Cervical cancer presents a significant global health challenge, affecting patients and healthcare systems. Early identification and accurate prediction of risk factors are essential for reducing incidence and improving patient outcomes. This study focuses on predicting indicators and diagnosing cervical cancer using a comprehensive dataset that includes demographic information, lifestyle factors, and medical histories. We developed a predictive model to aid early diagnosis and identify key risk factors. The dataset consists of four cervical cancer tests—Hinselmann, Schiller, cytology, and biopsy—with 858 participants and 30 features. We addressed 22.14% of missing values using the MICE iterative imputer and balanced the data through the synthetic minority oversampling technique (SMOTE). We applied five machine learning algorithms: random forest (RF), linear regression (LR), support vector machine (SVM), K-nearest neighbors (KNN), and extreme gradient boosting (XGBoost). The SpFSR technique was utilized to enhance feature selection, assessing how a subset of features could maintain high accuracy compared to the full model. Our findings showed that selecting fewer features, such as half or even a quarter of the variables, still yielded strong results, emphasizing the importance of careful feature selection in cervical cancer prediction. The RF algorithm achieved the highest accuracy, with 99% using the full feature set and 98% with a reduced set of five features. Notably, diagnosis and hormonal contraceptives were identified as significant predictors. Hormonal contraceptives, which can affect cervical health, are linked to increased risks of HPV infection and cervical cancer. This study highlights the role of SpFSR in improving prediction models and suggests that external validation is necessary to confirm our findings in diverse populations. Further research should explore additional datasets and variables not covered in this study, as well as the model’s practical applicability in clinical settings.

Abstract Image

查看原文本刊更多论文

宫颈癌预测和危险因素识别的综合机器学习模型

子宫颈癌是一项重大的全球卫生挑战，影响着患者和卫生保健系统。
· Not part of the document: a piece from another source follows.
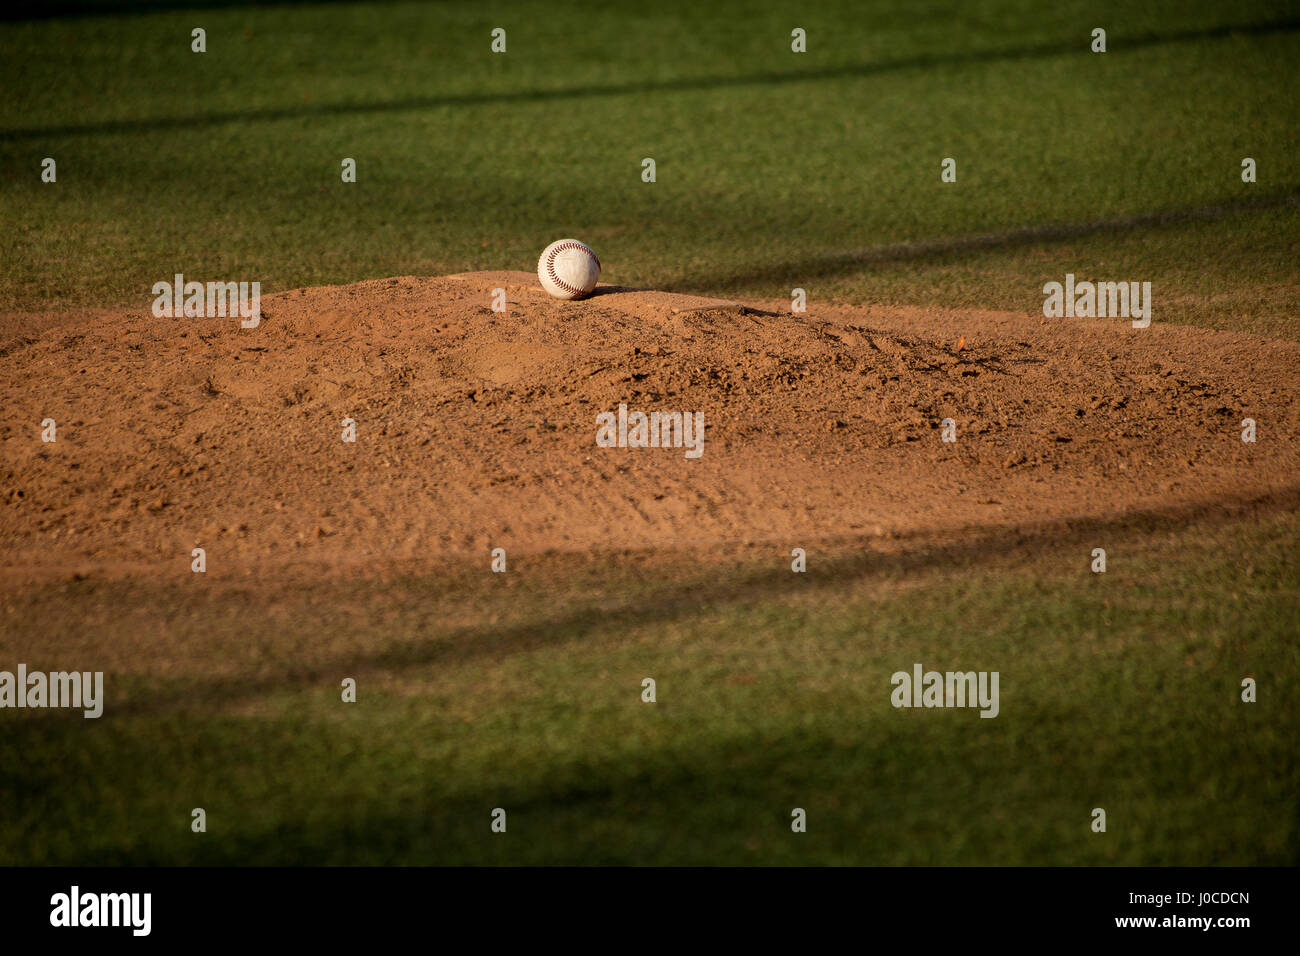 Pelota de béisbol en el montículo de arena en el campo de béisbol Foto de stock

早期识别和准确预测危险因素对于降低发病率和改善患者预后至关重要。本研究的重点是使用包括人口统计信息、生活方式因素和病史在内的综合数据集预测指标和诊断宫颈癌。我们开发了一个预测模型来帮助早期诊断和识别关键的危险因素。该数据集包括四种宫颈癌检测——hinselmann、Schiller、细胞学和活组织检查——共有858名参与者和30个特征。我们使用MICE迭代输入器解决了22.14%的缺失值，并通过合成少数过采样技术（SMOTE）平衡了数据。我们应用了五种机器学习算法：随机森林（RF）、线性回归（LR）、支持向量机（SVM）、k近邻（KNN）和极端梯度增强（XGBoost）。利用SpFSR技术增强特征选择，评估特征子集与完整模型相比如何保持较高的准确性。我们的研究结果表明，选择更少的特征，如一半甚至四分之一的变量，仍然产生了强有力的结果，强调了仔细的特征选择在宫颈癌预测中的重要性。RF算法实现了最高的准确率，使用完整特征集的准确率为99%，使用精简的5个特征集的准确率为98%。值得注意的是，诊断和激素避孕药被确定为重要的预测因素。激素避孕药会影响宫颈健康，与HPV感染和宫颈癌的风险增加有关。该研究强调了SpFSR在改进预测模型中的作用，并表明需要外部验证才能在不同人群中证实我们的发现。进一步的研究应该探索本研究未涵盖的其他数据集和变量，以及该模型在临床环境中的实际适用性。

本文章由计算机程序翻译，如有差异，请以英文原文为准。

求助全文

约1分钟内获得全文求助全文

来源期刊

Human Behavior and Emerging Technologies Social Sciences-Social Sciences (all)

CiteScore

17.20

自引率

8.70%

发文量

期刊介绍： Human Behavior and Emerging Technologies is an interdisciplinary journal dedicated to publishing high-impact research that enhances understanding of the complex interactions between diverse human behavior and emerging digital technologies.